Project Title : Price forecasting of SGB and IRFC Bonds and comparing there returns.

Introduction of the Project

The 2008-09 global financial crises and 2020-21 pandemic have shown us the volatility of the market. Many people have are finding a way to invest money to secure their future. People are trying to find a secure investment with minimum financial risks with higher returns. This is also a fact that with investment their also comes with risks. There is a saying in the world of investment “Do not put all your egg in one basket”. We need to diverse portfolio in the area of investment, so that if one investment does not give you enough yields due to fluctuations in the market rates then other will give you higher yield. Bonds are one such investment people prefer the most. The Bonds we have selected are two government bonds – SGB (Sovereign Gold Bond) and IRFC (Indian Railway Finance Corporation). The objective was to forecast the prices of SGB and IRFC bond and calculate the returns. Compare the returns and recommend the client which one to pick based on the input that is number of years to forecast.

Technologies Used

  • Python – ML model (auto_arima (for grid search to find p,q,d values), ARIMA(for forecasting values))
  • SQLite – Database
  • Flask – Front End for deployment
  • Python Libraries – numpy, pandas, Statsmodels, re, nsepy, matplotlib
  • HTML/CSS

General info

This project is simple Forecasting model.

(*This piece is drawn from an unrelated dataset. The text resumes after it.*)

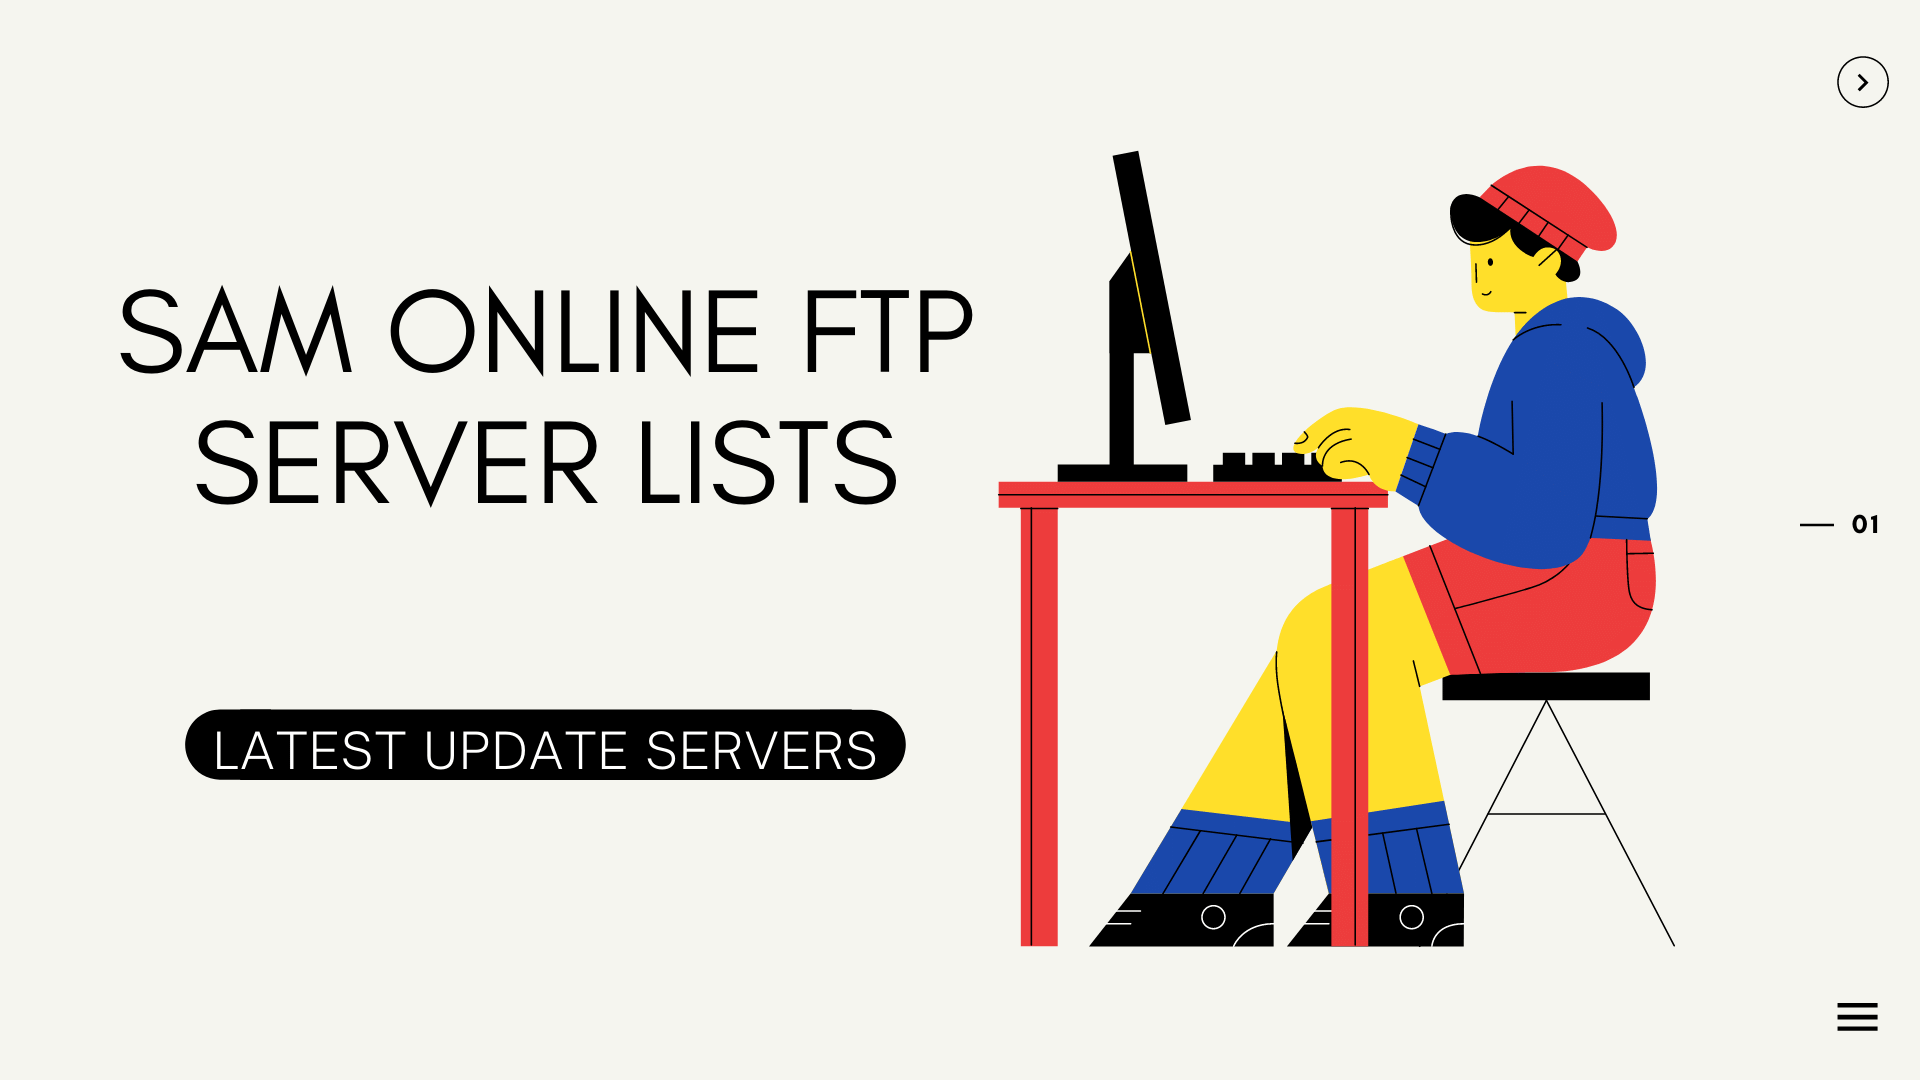 SAM ONLINE FTP SERVER LISTS & LATEST UPDATE SERVERS

Not taxes were put into use when calculating returns. IRFC Bond is a tax free bond but SGB we need to pay taxes if we try to sell it before the maturity period is over. Inflation rate and global pandemic situation is a rare phenonmenon and it is beyond anyone's control. It has been taken into business restriction.
Data has been collected from National Stock exchange of India The two bonds selected from NSE was -

Requirement file (contains libraries and their versions)

Libraries Used

Project Architecture

alt text

Explaining Project Architecture

Live data extraction

The data collected from NSE website (historical data) and the library which is used to collect live daily data from the website is nsepy. The data is then goes to python, two things happens in python. First, out of all the attributes, we only take "Close Price" and then the daily is then converted into monthly data. We use mean to calculate the the monthly average.

Data storage in sqlite

We chose SQLite because it is very easy to use and one does not need the knowledge of sql to observe the data. the database is created locally and and is being updated when the user usses the application. the user can easliy take the database and see the data in SQL viewr online available.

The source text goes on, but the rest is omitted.